Certain advertisements can be deemed to be prospectus. Section 40 (1) of the Act states that every advertisement offering or calling attention to an offer or intended offer of shares in or debentures of a corporation or proposed corporation to the public for subscription or purchase shall be deemed to be a prospectus (and all written laws and rules of law as to the contents of prospectuses and as to liability in respect of statements in and omissions from prospectuses or otherwise relating to prospectuses shall apply and have effect accordingly) if it contains any information or matter other than the following:
(a) the number and description of the shares or debentures concerned;
(b) the name and date of registration of the corporation and its paid up share capital;
(c) a concise statement of the general nature of the main business or proposed main business of the corporation;
(d) the names, addresses and occupations of –
(i) the directors or proposed directors;
(ii) the brokers or underwriters to the issue; and
(iii) in the case of debentures, the trustee for the debenture holders;
(e) the name of the Stock Exchange of which the brokers or underwriters to the issue are members; and
(f ) particulars of the opening and closing dates of the offer and the time and place at which copies of the full prospectus and forms of application for the shares or debentures may be obtained, and unless it states that applications for shares or debentures will proceed only on one of the forms of application referred to in and attached to a printed copy of the prospectus.

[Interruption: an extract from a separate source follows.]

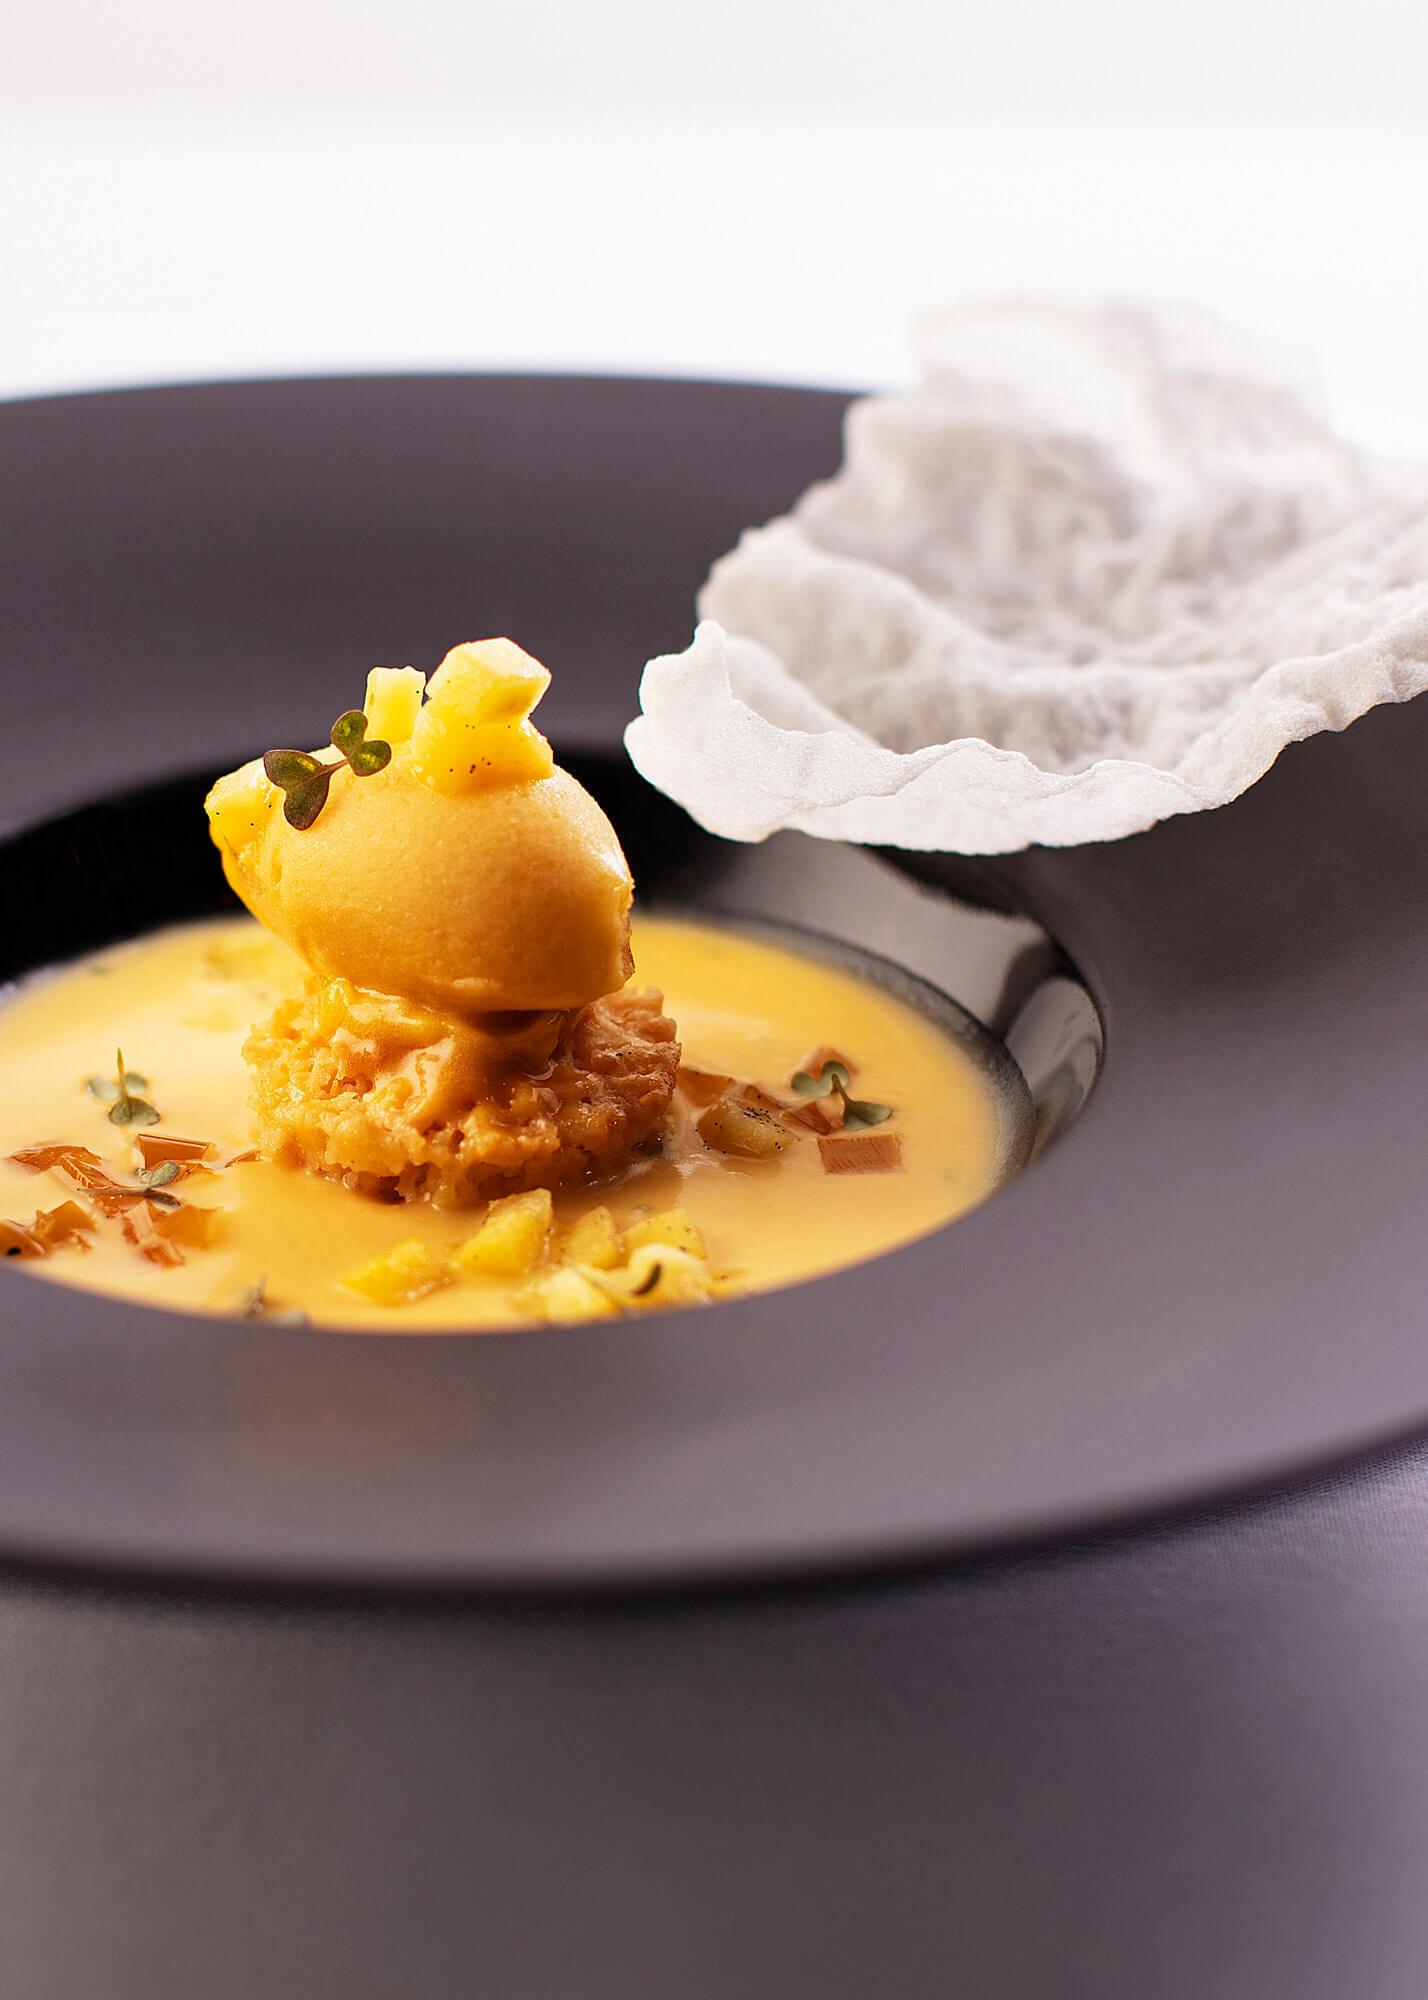 Fine dining soup

(2) No statement that, or to the effect that, the advertisement is not a prospectus shall affect the operation of this section.

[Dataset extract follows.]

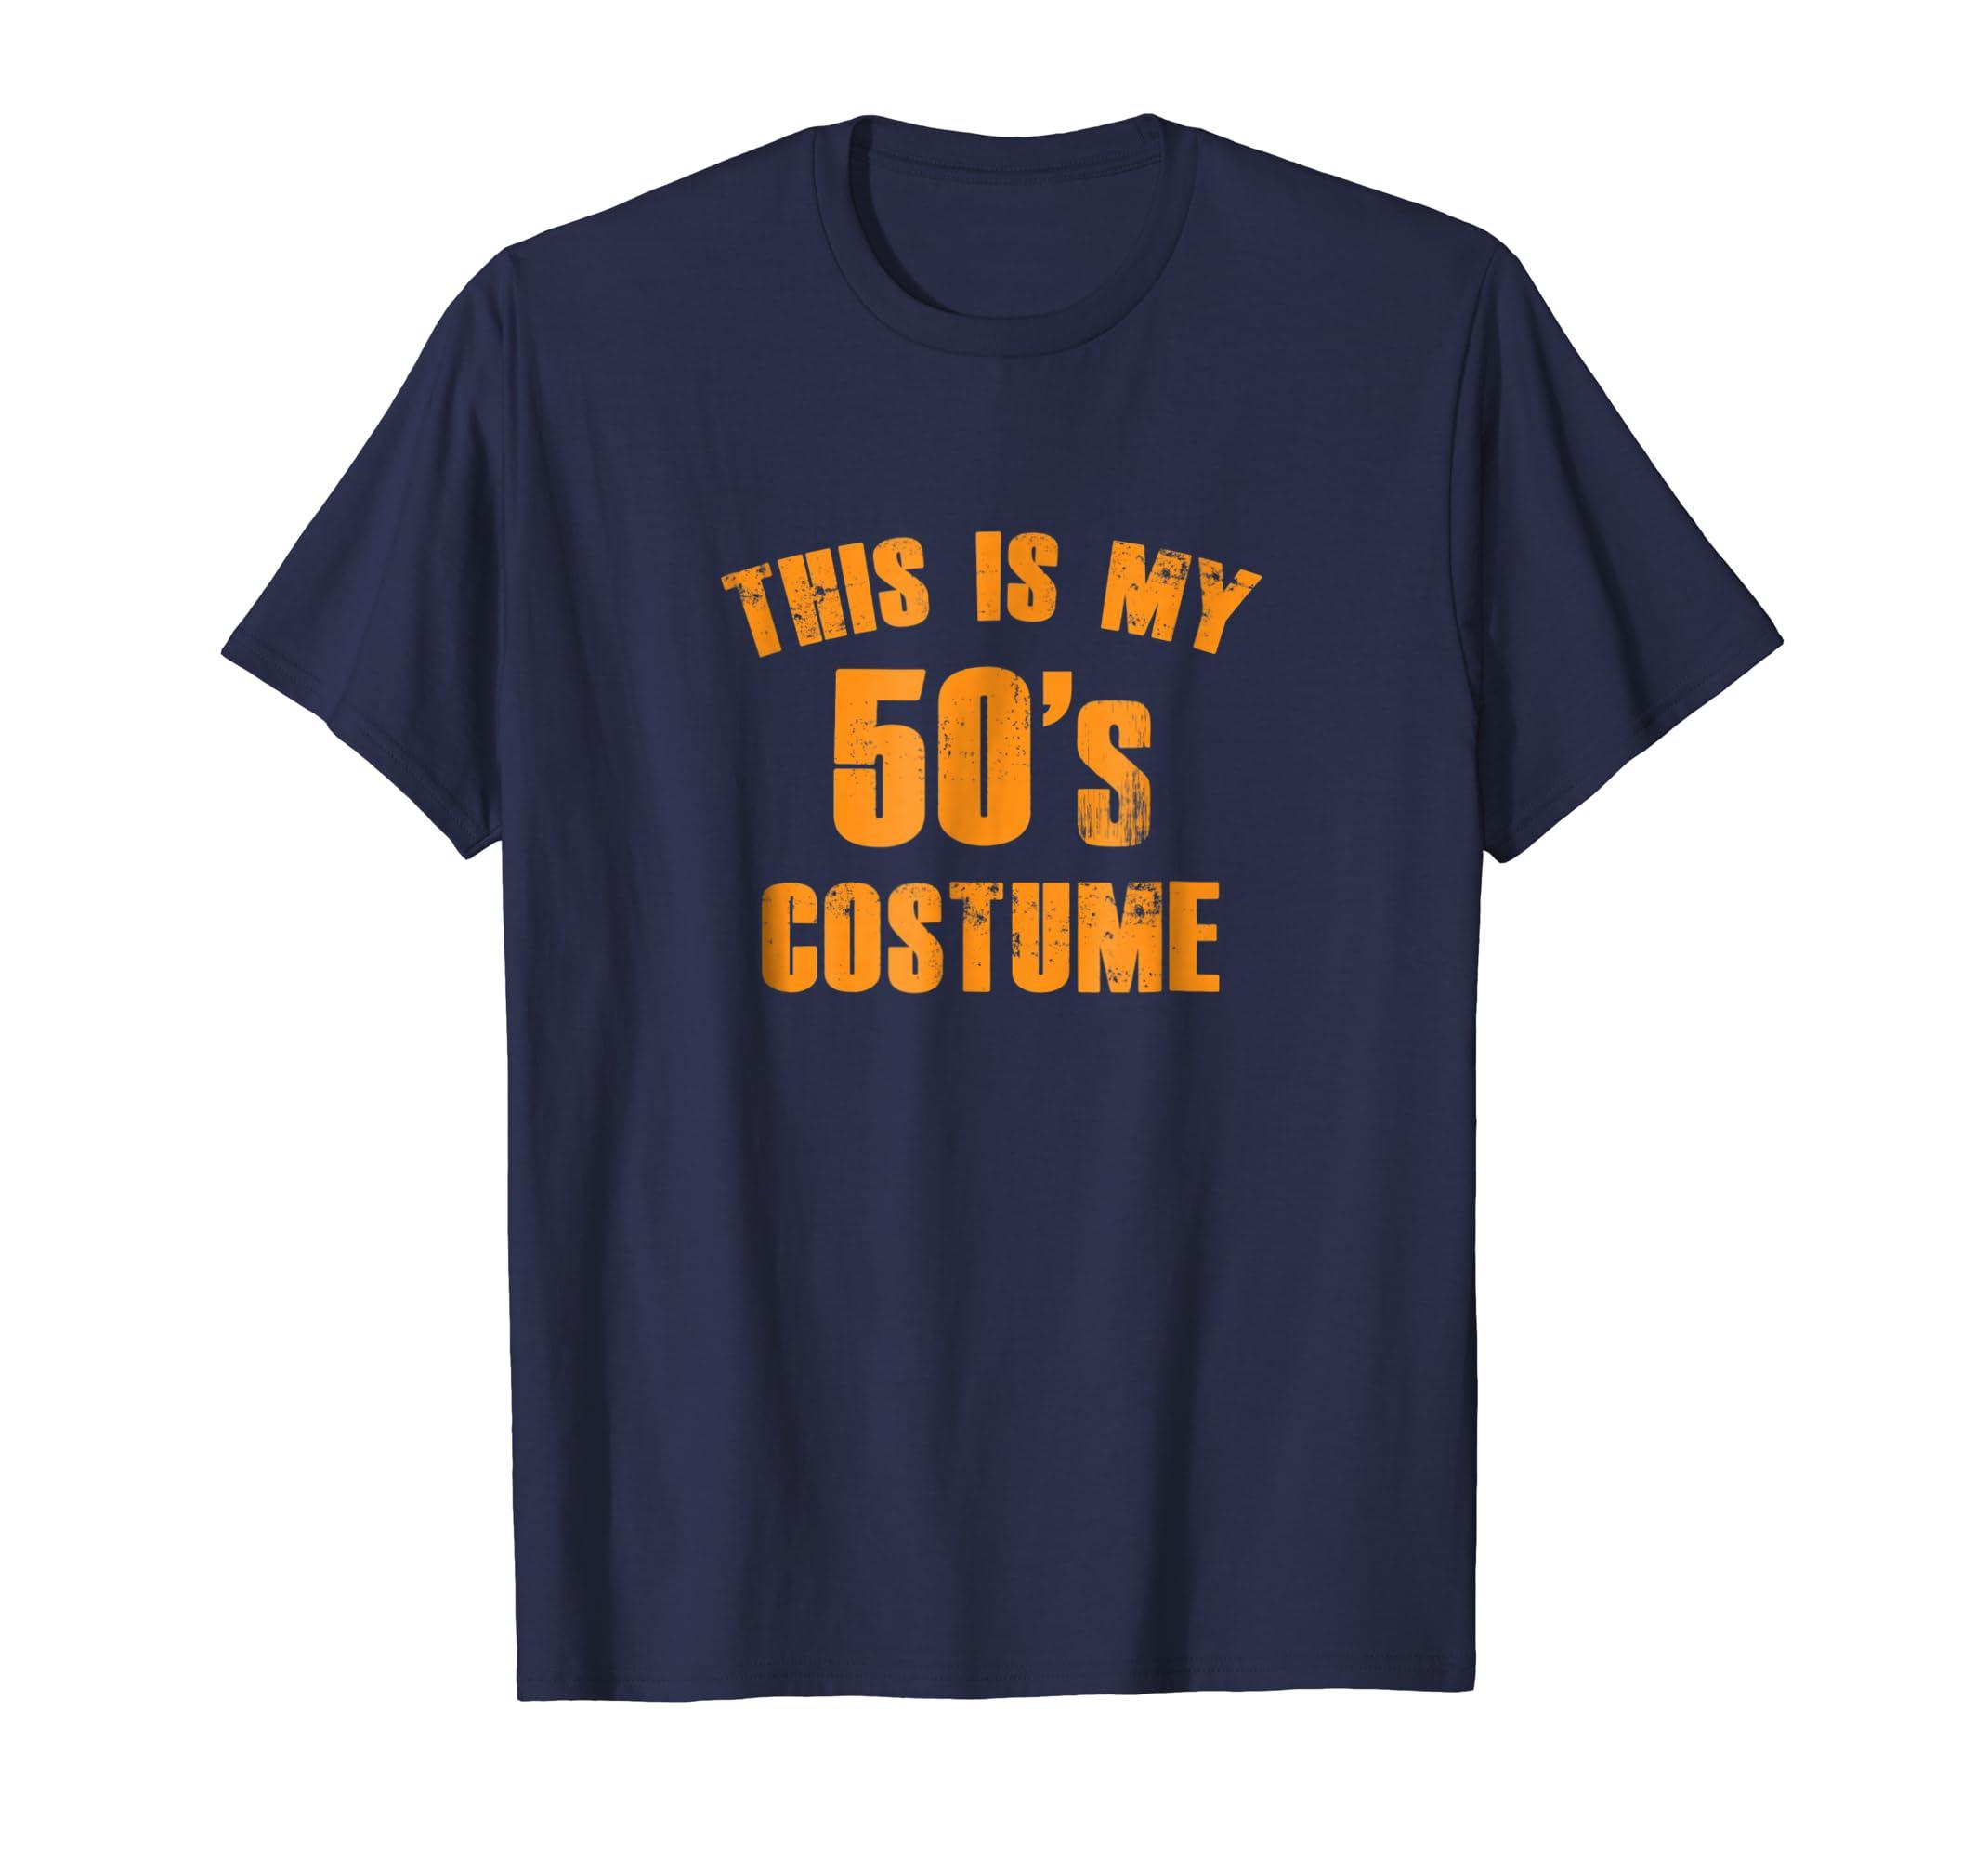 50s Costume Halloween Shirt for 1950s Party men women top-Rose

(3) This section shall apply to advertisements published or disseminated in Malaysia by newspaper, broadcasting, television, cinematograph or any other means whatsoever.
(4) Where an advertisement that is deemed to be a prospectus by virtue of subsection (1) does not comply with the requirements of this Act as to prospectuses, the person who published or disseminated the advertisement, and every officer of the corporation concerned, or other person, who knowingly authorized or permitted the publication or dissemination, shall be guilty of an
offence against this Act.
The Penalty for an offence against this section is imprisonment for five years or a fine of one hundred thousand ringgit or both.

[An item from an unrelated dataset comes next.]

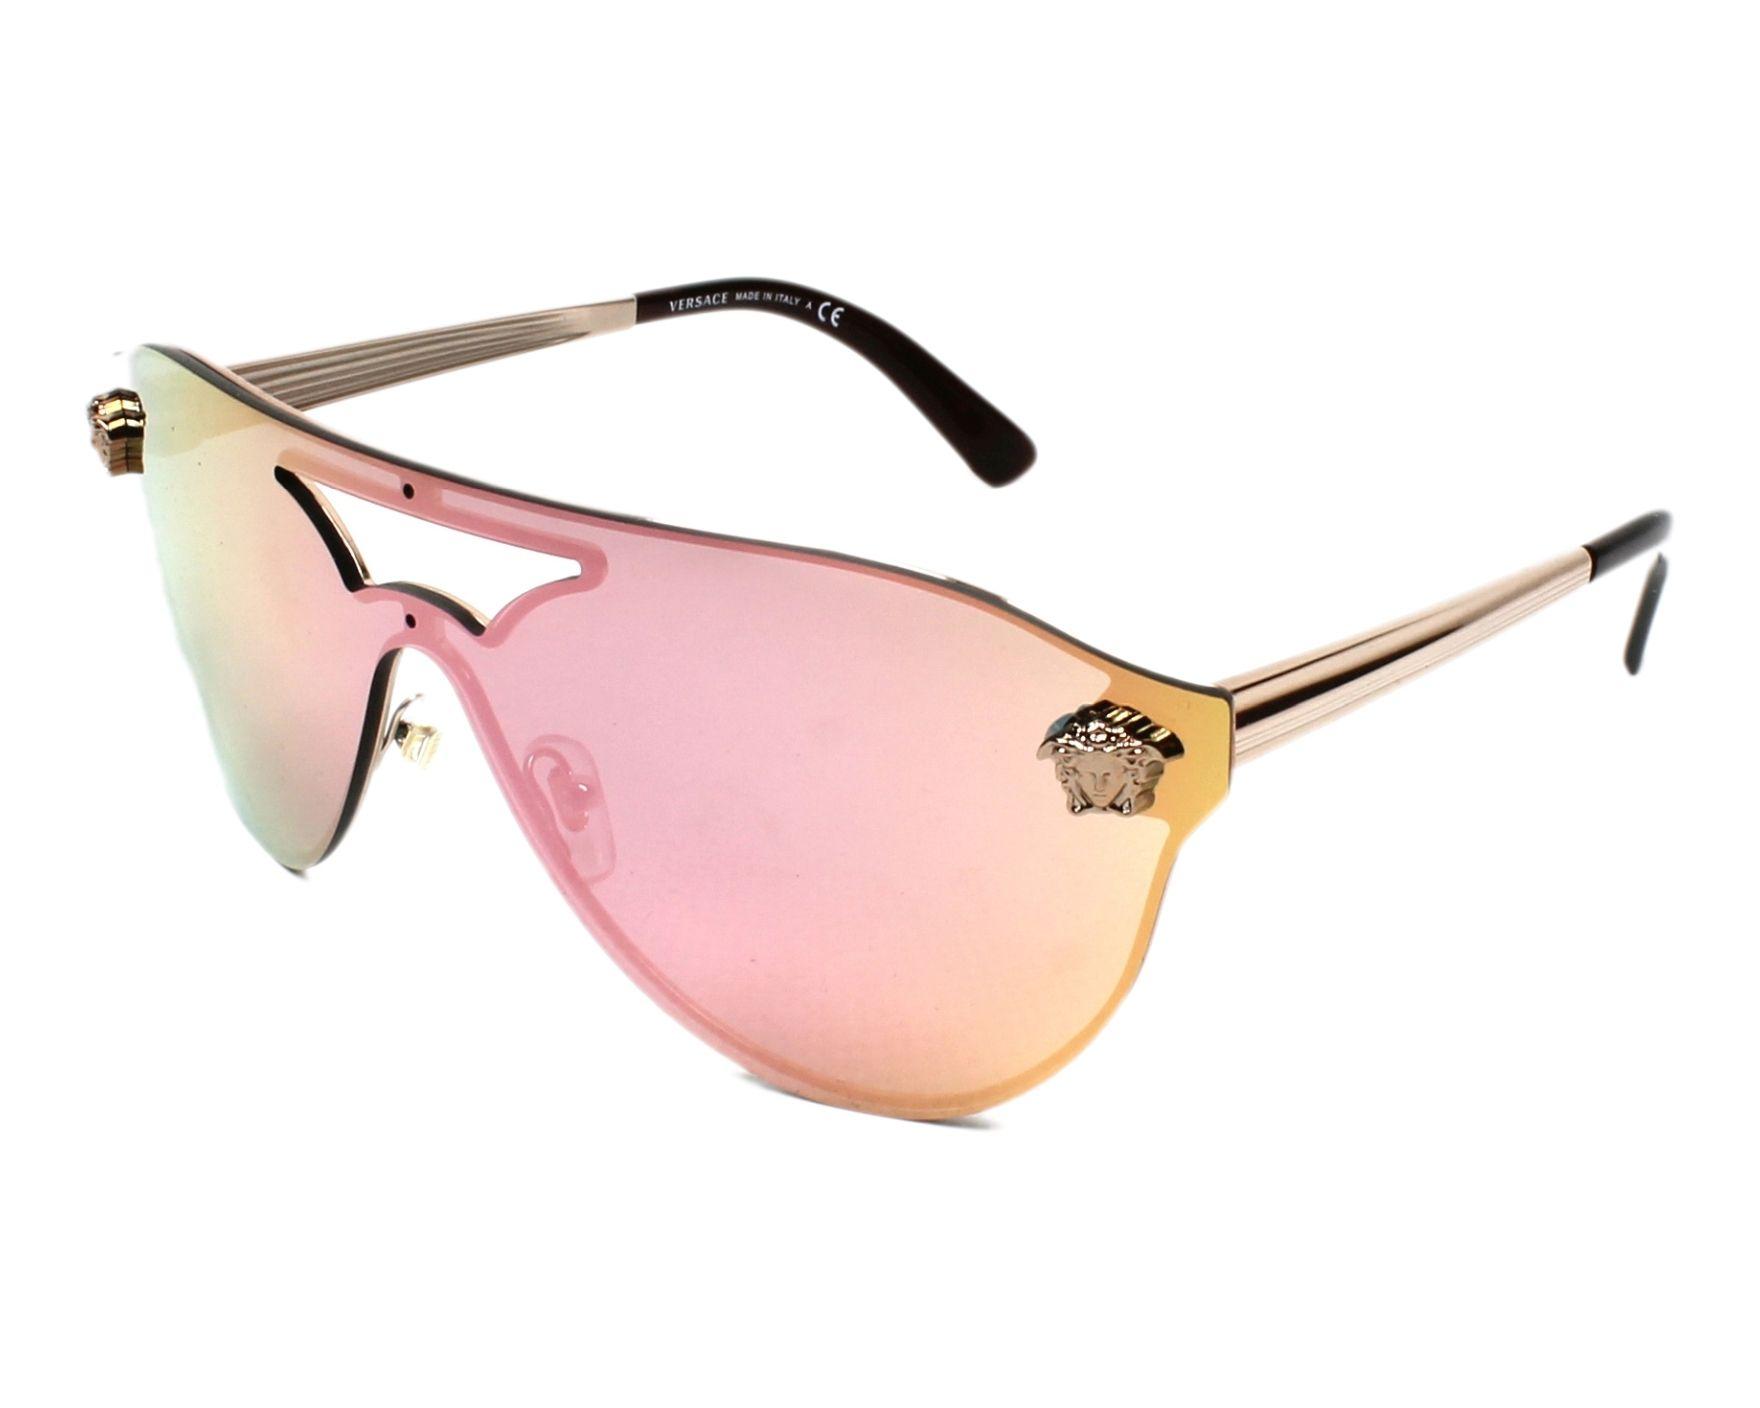 lunettes de soleil versace ve 2161 1052 4z or avec des verres bleu. Black Bedroom Furniture Sets. Home Design Ideas

(5) For the purposes of this section where –
(a) an advertisement offering or calling attention to an offer or intended offer of shares in or debentures of a corporation or proposed corporation to the public for subscription or purchase is published or disseminated;
(b) the person who published or disseminated the advertisement before so doing, obtained a certificate signed by at least two directors of the corporation, or two proposed directors of the proposed corporation, that the proposed advertisement is an advertisement that will not be deemed to be a prospectus by virtue of subsection (1); and
(c) the advertisement is not patently an advertisement that is deemed to be a prospectus by virtue of that subsection, the corporation and each person who signed the certificate shall be deemed to be the persons who published or disseminated the advertisement, but no other person shall be deemed to be such a person.
(6) Any person who has obtained a certificate referred to in subsection (5)(b) shall, when so requested by the Registrar forthwith deliver the certificate to the Registrar.
The default penalty for an offence against this section is imprisonment for three years or ten thousand ringgit.
(7) Nothing in this section shall limit or diminish any liability which any person may incur under any rule of law or under any provision of this Act apart from this section.